Studio album by Arthur Loves Plastic
- Released: January 2005
- Genre: Electronica
- Length: 43:58
- Label: Machine Heart Music
- Producer: Bev Stanton

Arthur Loves Plastic album chronology
| Savage Bliss (2004) | Love or Perish (2005) | Pursuit of Happiness (2006) |

= Love or Perish =

Love or Perish is the twelfth album from Arthur Loves Plastic and was released in 2005.

Professional ratings
Review scores
| Source | Rating |
| Church of Girl | favorable |
| Collected Sounds | favorable |
| Dead Earnest | favorable |
| God Is in the TV Zine | favorable |
| ReVamp Music | favorable |

==Release notes==
"It's a jungle out there!" features remixes of The Tidbits and Michelle Swan, as well as vocals by Lisa Moscatiello and Heather Heimbuch.

==Track listing==

Vocals for the track "My Heart" recorded live at 49 West, Annapolis, Maryland.

| No. | Title | Length |
|---|---|---|
| 1. | "New Year's" | 3:37 |
| 2. | "Breakdown" | 2:42 |
| 3. | "Hot for You" | 3:01 |
| 4. | "Danger" | 2:41 |
| 5. | "Vibrations" | 1:43 |
| 6. | "My Heart" | 2:58 |
| 7. | "Lover" | 3:41 |
| 8. | "Eternity" | 4:31 |
| 9. | "I am a Clone (I am a Clown)" (Gltch Btch remixed by ALP) | 3:34 |
| 10. | "Ravish" | 2:46 |
| 11. | "Trampoline" | 3:59 |
| 12. | "The Cage" (The Tidbits remixed by ALP) | 3:38 |
| 13. | "Swan Song" (Michelle Swan remixed by ALP) | 5:07 |
| Total length: |  | 43:58 |

==Personnel==
- Recorded by Bev Stanton in the Flamingo Room, Silver Spring, MD.

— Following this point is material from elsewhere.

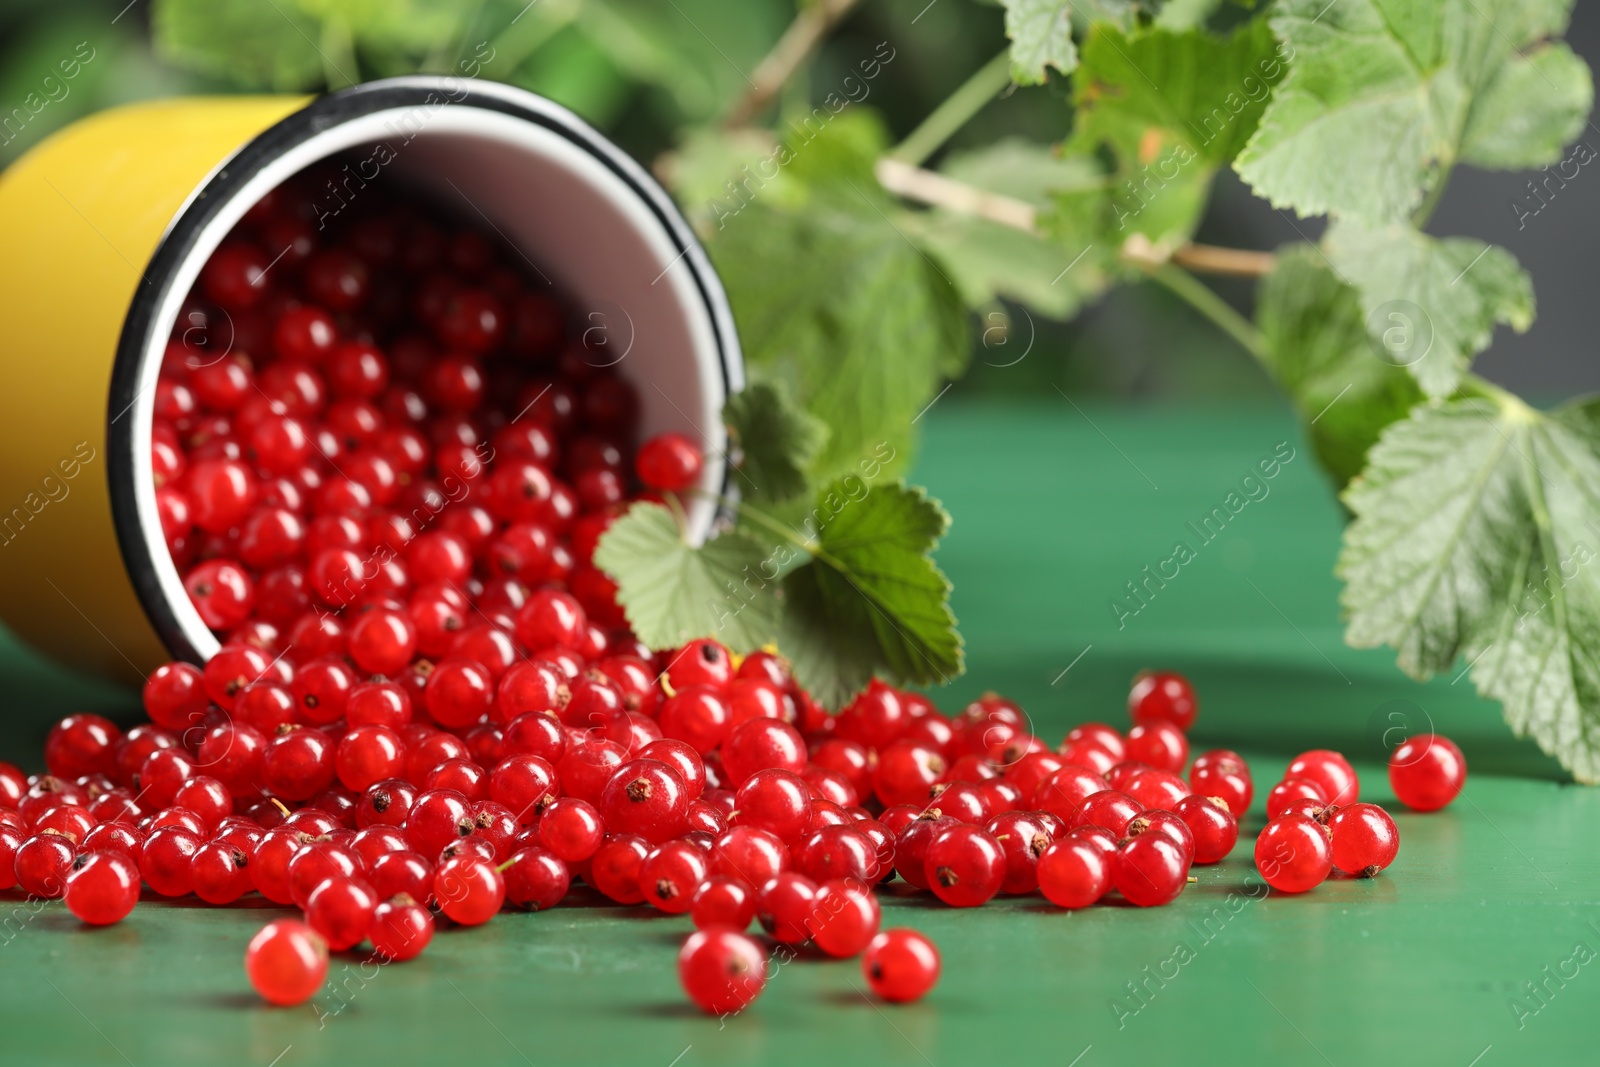 Photo of Many ripe red currants, mug and leaves on green wooden table

===Additional musicians===
- Lisa Moscatiello - Vocals (1, 6, 8, 11)
- Mental Anguish - Loops (2, 10) ^{*}
- Electroearwig - Loops (3) ^{*}
- Scott Carr - Loops (4) ^{*}
- Francine Machetto - Vocals (7)
- Omnitechnomatrix - Loops (8) ^{*}
- Heather Heimbuch - Vocals (10)
- Heather Heimbuch - Additional vocals (13)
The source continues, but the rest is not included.